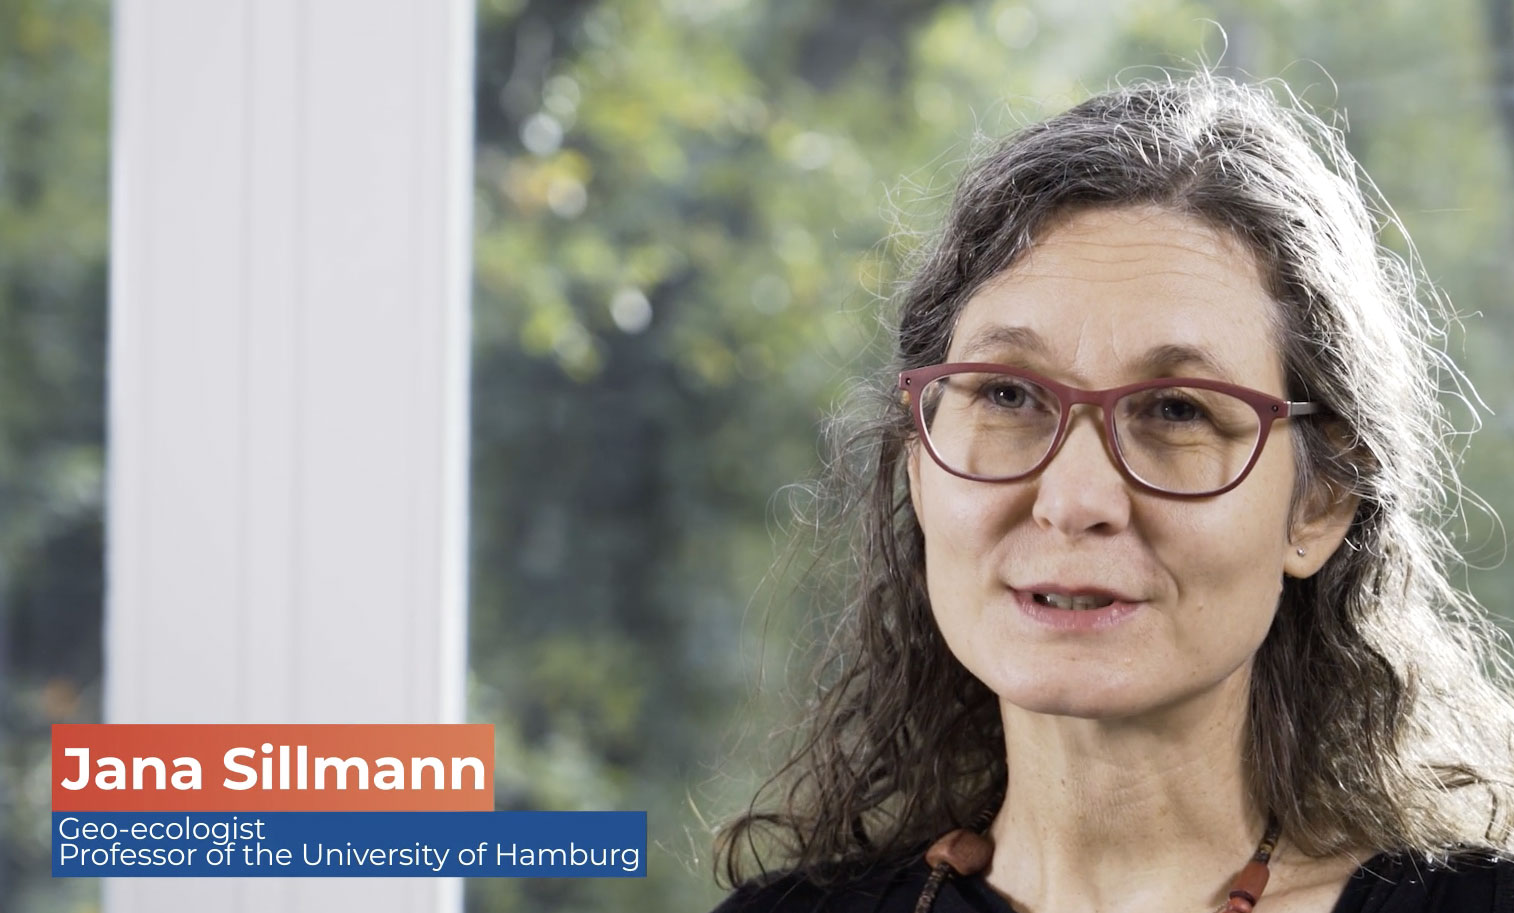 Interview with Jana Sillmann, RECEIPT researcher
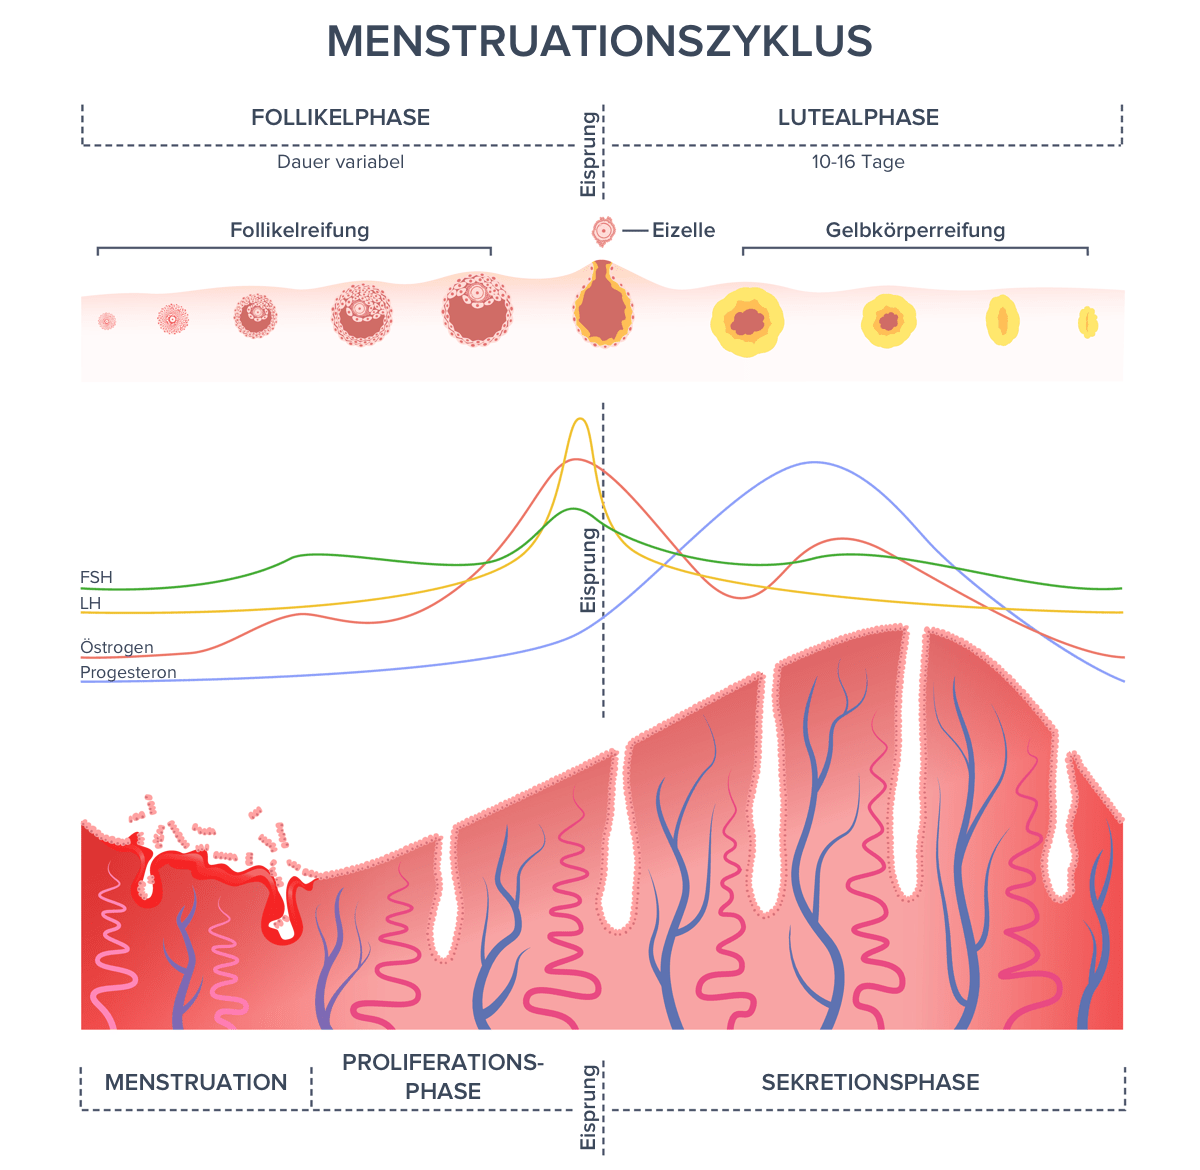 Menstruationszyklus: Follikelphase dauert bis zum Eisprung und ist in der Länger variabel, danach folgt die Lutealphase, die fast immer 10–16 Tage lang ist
--
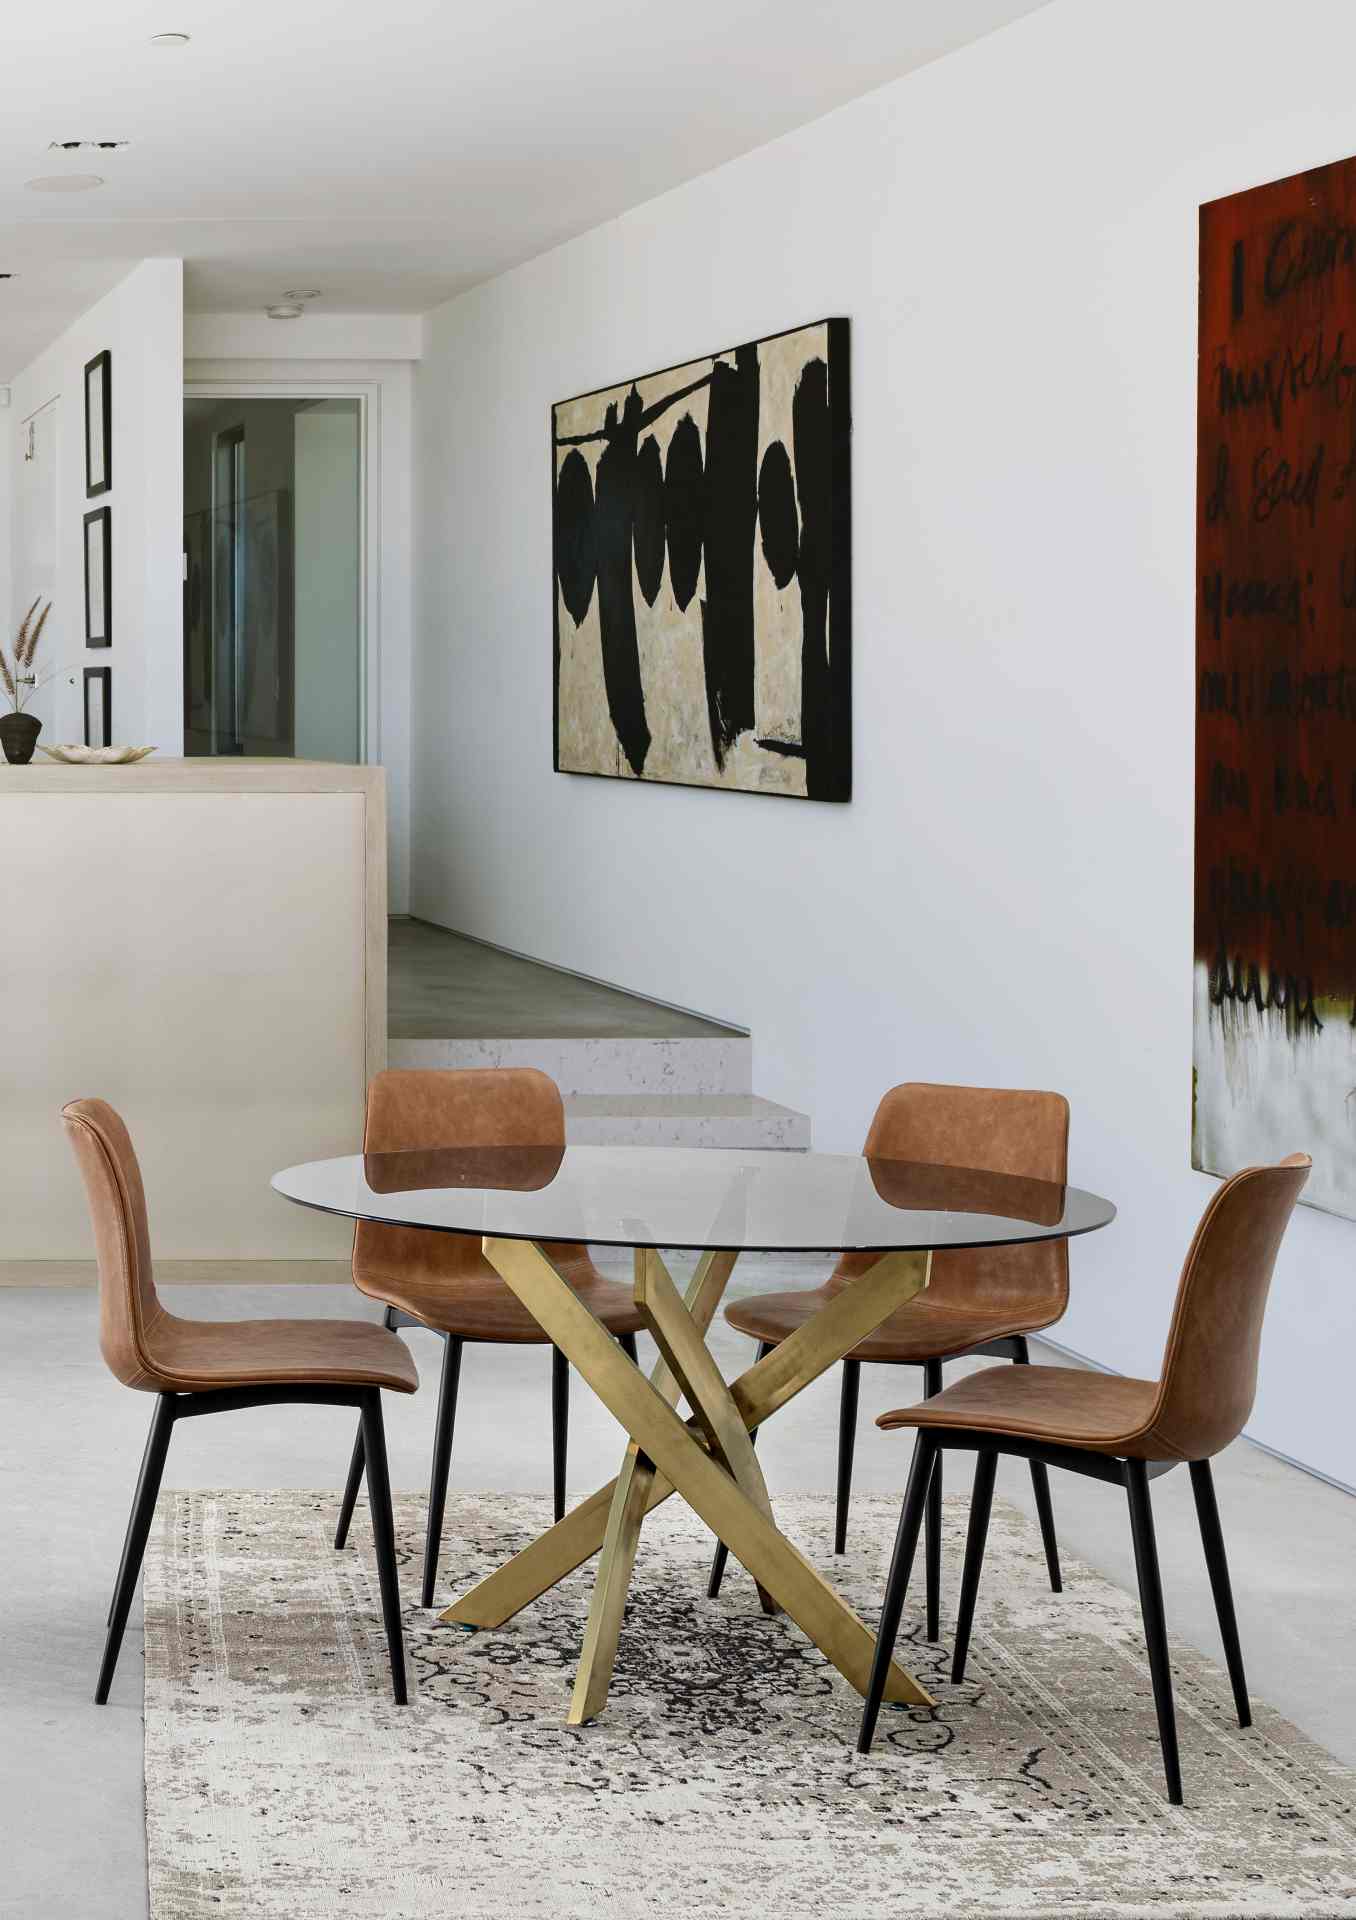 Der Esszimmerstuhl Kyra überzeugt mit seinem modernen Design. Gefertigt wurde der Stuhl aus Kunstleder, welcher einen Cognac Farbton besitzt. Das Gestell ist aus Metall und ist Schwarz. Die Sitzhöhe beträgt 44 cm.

◆ What to produce
No picture is to be printed. Output exactly the lines above from the line containing "Interview with Jana" through the line containing "Menstruationszyklus: Follikelphase dauert".

◆ Finished task
 Interview with Jana Sillmann, RECEIPT researcher
 Menstruationszyklus: Follikelphase dauert bis zum Eisprung und ist in der Länger variabel, danach folgt die Lutealphase, die fast immer 10–16 Tage lang ist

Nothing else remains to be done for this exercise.